Western Asset Diversified 

Risk-Adjusted Performance

0 of 100

 
Weak
 
Strong
Very Weak
Over the last 90 days Western Asset Diversified has generated negative risk-adjusted returns adding no value to investors with long positions. Despite fairly strong fundamental indicators, Western Asset is not utilizing all of its potentials. The current stock price confusion, may contribute to short-horizon losses for the traders.
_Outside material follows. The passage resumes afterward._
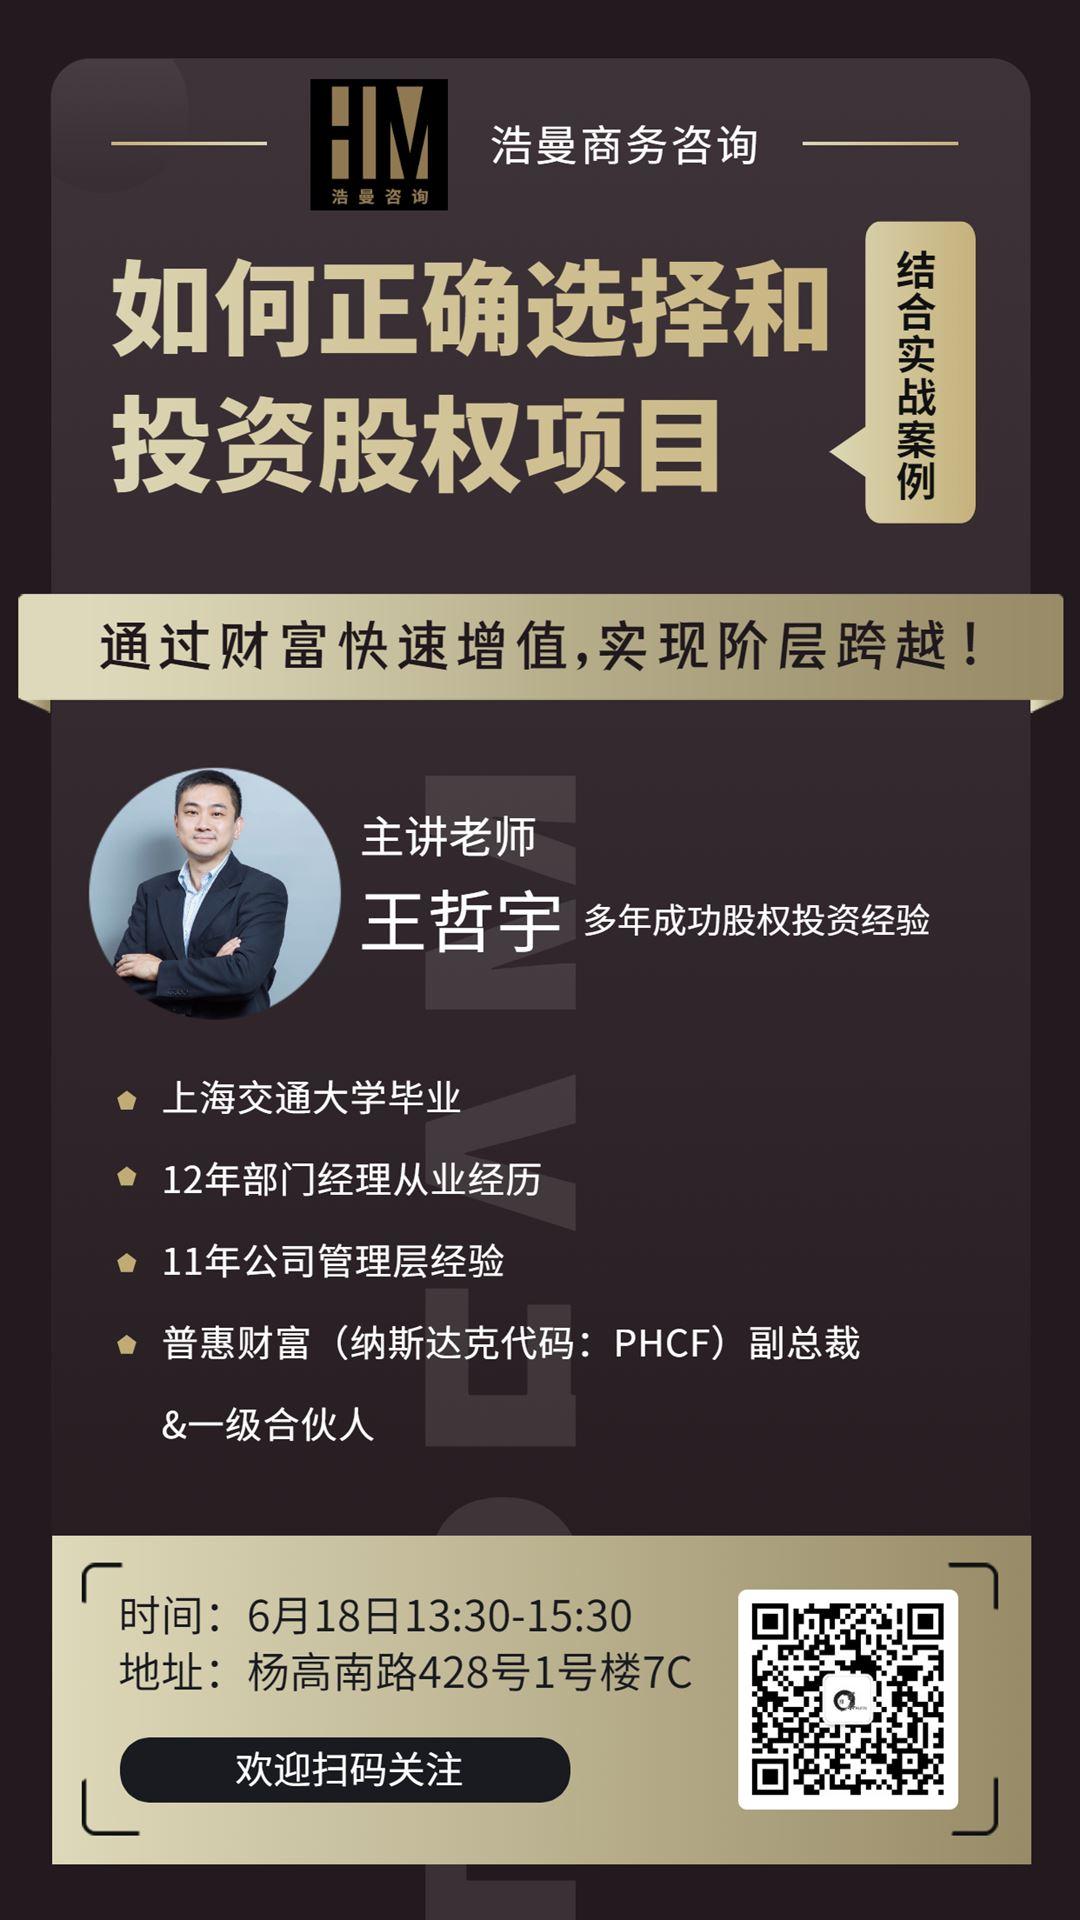 http://www.huodongxing.com/file/20210318/6744094471948/644170503448177.jpg

Neuberger Berman and Western Asset Volatility Contrast

   Predicted Return Density   
       Returns  

Pair Trading with Neuberger Berman and Western Asset

The main advantage of trading using opposite Neuberger Berman and Western Asset positions is that it hedges away some unsystematic risk. Because of two separate transactions, even if Neuberger Berman position performs unexpectedly, Western Asset can make up some of the losses. Pair trading also minimizes risk from directional movements in the market. For example, if an entire industry or sector drops because of unexpected headlines, the short position in Western Asset will offset losses from the drop in Western Asset's long position.
The idea behind Neuberger Berman Next and Western Asset Diversified pairs trading is to make the combined position market-neutral, meaning the overall market's direction will not affect its win or loss (or potential downside or upside). This can be achieved by designing a pairs trade with two highly correlated stocks or equities that operate in a similar space or sector, making it possible to obtain profits through simple and relatively low-risk investment.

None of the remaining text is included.